The Difference Between Bagging and Boosting in Machine Learning

Bagging and boosting are two popular ensemble methods in machine learning, where a set of weak learners combine together to create a strong learner to improve the accuracy of the model.

So, while bagging and boosting are both used in data mining to achieve similar results, the difference lies in how the ensemble is created. Bagging draws random subsets from the data at each iteration to fit new models. Boosting, however, samples the datasets that don’t fit the model well, or show a higher degree of error in the last iteration and creates a new model based on them which are averaged into the existing model.

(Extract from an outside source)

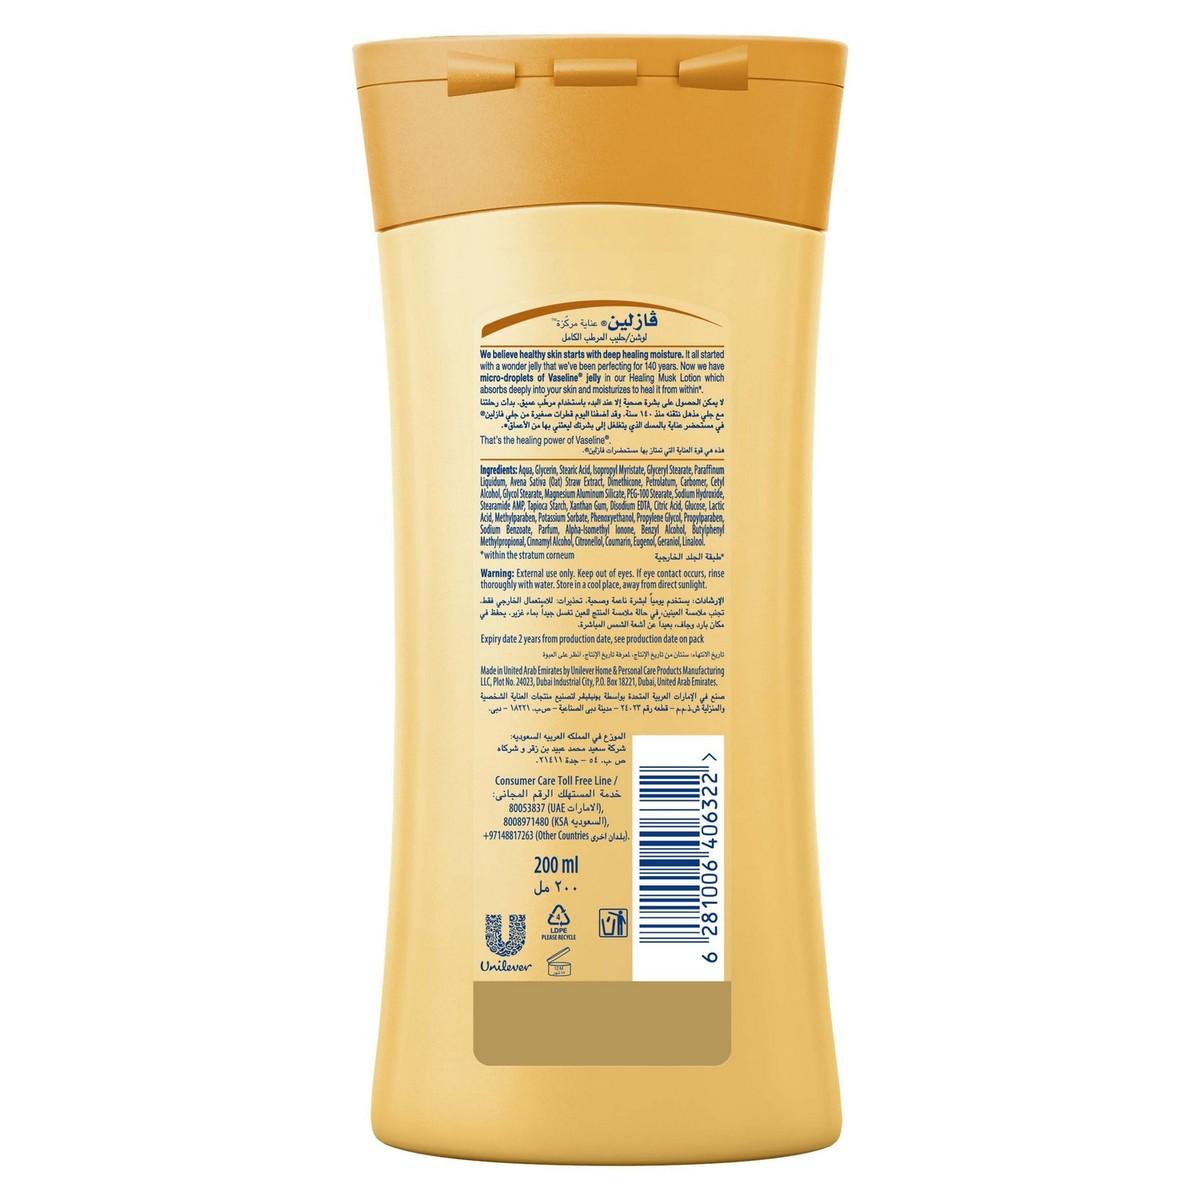 Buy Vaseline Body Lotion Healing Musk 200ml - Body Lotion

In the table below, you can take a look at the difference between bagging and boosting:

Bagging
Boosting
Training data subsets are drawn randomly with replacement from the training dataset.
Each new subset contains the components misclassified in the previous models.

Bagging is used to tackle the over-fitting issue and reduce variance.

Boosting is used to reduce bias.
If the classifier is unstable or shows high variance, we need bagging.

If the classifier is steady and straightforward, with high bias, we need boosting.

In bagging, every model receives equal weight.
In boosting, models are weighted according to their performance.

It is used for connecting predictions of the same type.

It is used for connecting predictions that are of different types.

Each model is independently constructed.

Each model aims to solve the problems of the previous model and is, therefore, affected by the performance of the previously developed model.

Bagging and Boosting – Which Is the Better Alternative?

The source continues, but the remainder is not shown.